ISC DHCP server failover

Summers_William · March 17, 2010, 2:01pm

Greetings Nanog members,

I am wondering if anyone has implemented the failover features of ISC DHCP? And if so, how successful has failover been in your environment?

Many thanks,

William Summers
Network Administrator
Information Technology Services
Deerfield Academy

sthaug · March 17, 2010, 2:09pm

I am wondering if anyone has implemented the failover features of ISC DHCP? And if so, how successful has failover been in your environment?

Yes, some of us have implemented DHCP failover using ISC DHCP. However,
you are much more likely to get answers to ISC DHCP questions if you ask
on the dhcp-users@lists.isc.org list. See

dhcp-users Info Page

Steinar Haug, Nethelp consulting, sthaug@nethelp.no

Dan_White · March 17, 2010, 2:22pm

We've been running version 4 in a failover scenario for a couple of years.
It's worked very well for us in an ISP environment. We serve several
networks from a pair of servers.

We've experienced two types of problems from time to time:

The servers stop balancing their addresses, and one server starts to
exhibit 'peer holds all free leases' in its logs, in which case we need to
restart the dhcpd process(es) to force a rebalance.

In some cases, and I'm not sure which equipment may be to blame, if one
server goes down then the other server will not hand out addresses to
clients which had originally received addresses from the failed server.
We've dealt with that by balancing our lease times with our MTTR for a
failed server.

Blake_Covarrubias · March 17, 2010, 9:08pm

We've experienced two types of problems from time to time:

The servers stop balancing their addresses, and one server starts to
exhibit 'peer holds all free leases' in its logs, in which case we need to
restart the dhcpd process(es) to force a rebalance.

We experience this problem from time to time as well, and I have yet to find its cause. We also 'fix' it by restarting the dhcpd daemon.

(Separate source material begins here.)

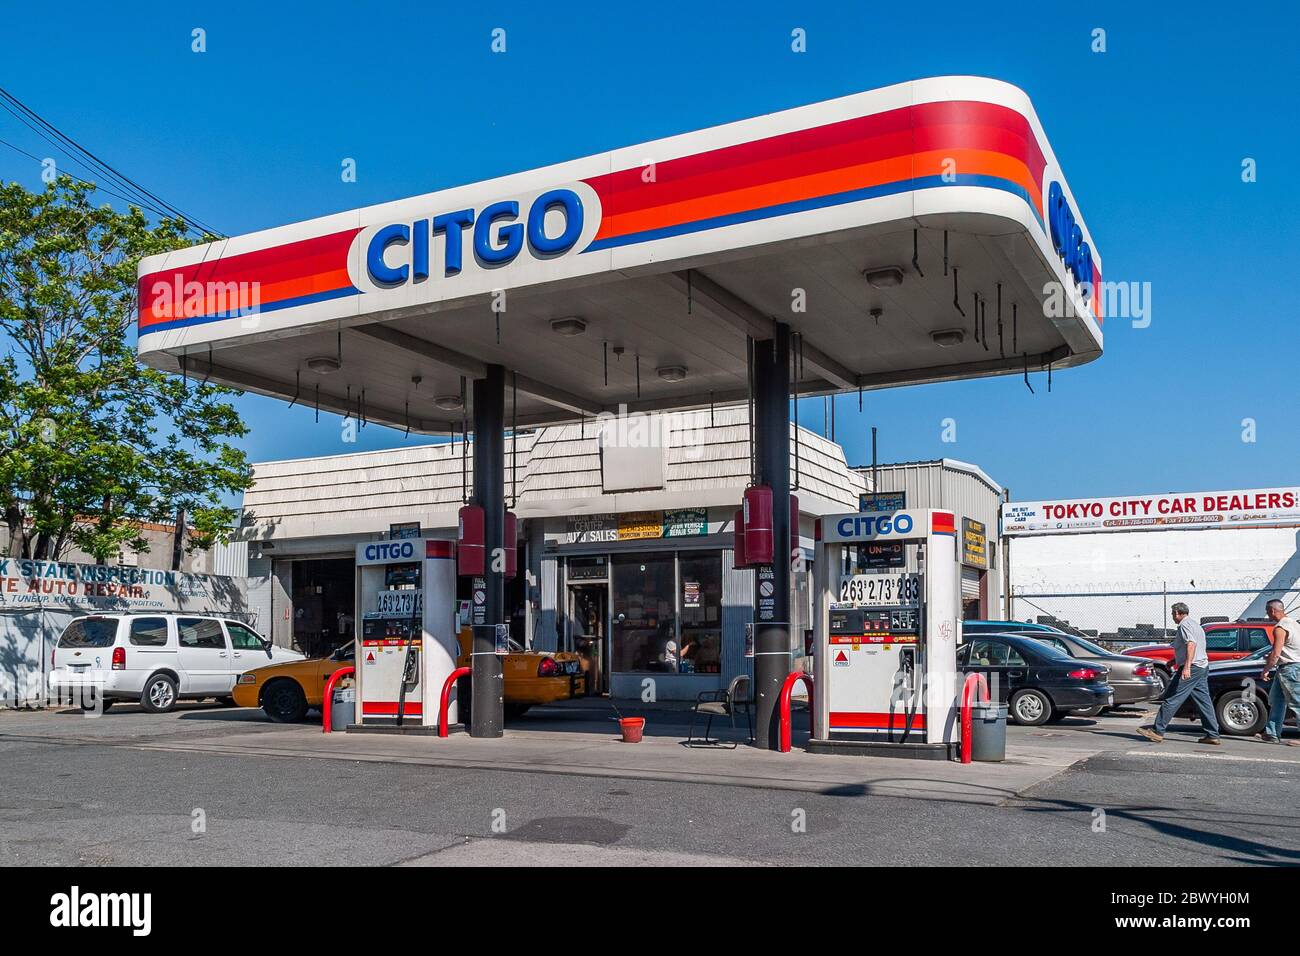 Citgo gas station in New York City Stock Photo

In some cases, and I'm not sure which equipment may be to blame, if one
server goes down then the other server will not hand out addresses to
clients which had originally received addresses from the failed server.
We've dealt with that by balancing our lease times with our MTTR for a
failed server.

From the dhcpd.conf man page it seems the solution to this problem is to put the remaining active server into the PARTNER-DOWN state.

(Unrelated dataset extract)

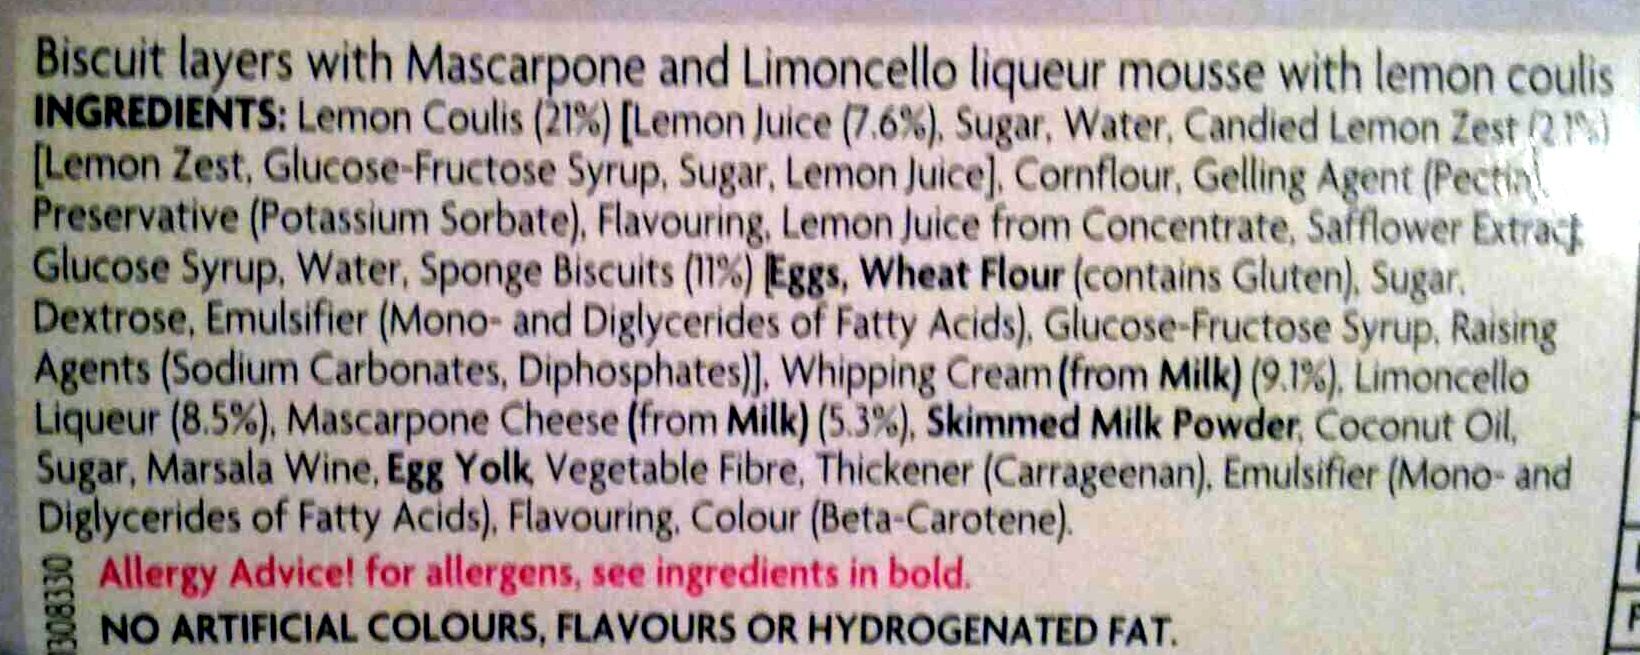 2 limoncello desserts - Ingredients

Aside from the 'peer holds all free leases' error Dan mentioned, ISC DHCP's load balancing and failover has worked very well for us.

Raymond_Dijkxhoorn · March 17, 2010, 10:49pm

Hi!

I am wondering if anyone has implemented the failover features of ISC DHCP? And if so, how successful has failover been in your environment?

We run it on various locations and this works pretty well.
Student dormitory's, and so on.

Bye,
Raymond.

David_W_Hankins · March 19, 2010, 11:26pm

The servers stop balancing their addresses, and one server starts to
exhibit 'peer holds all free leases' in its logs, in which case we need to
restart the dhcpd process(es) to force a rebalance.

If restarting one or both dhcpd processes corrects a pool balancing
problem, then I suspect what you're looking at is a bug where the
servers would fail to schedule a reconnection if the failover socket
is lost in a particular way. Because the protocol also uses a message
exchange inside the TCP channel to determine if the socket is up
(rather than just TCP keepalives) this can sometimes happen even
without a network outage during load spikes or other brief hiccups on
the partner DHCP server.

So far as I know that particular problem is fixed in current
maintenance releases (4.1.1, 4.0.2), so I'm curious if you are
using them.

But it's also possible that your pools need rebalancing more often
than the default minimum rebalance interval.

In some cases, and I'm not sure which equipment may be to blame, if one
server goes down then the other server will not hand out addresses to
clients which had originally received addresses from the failed server.
We've dealt with that by balancing our lease times with our MTTR for a
failed server.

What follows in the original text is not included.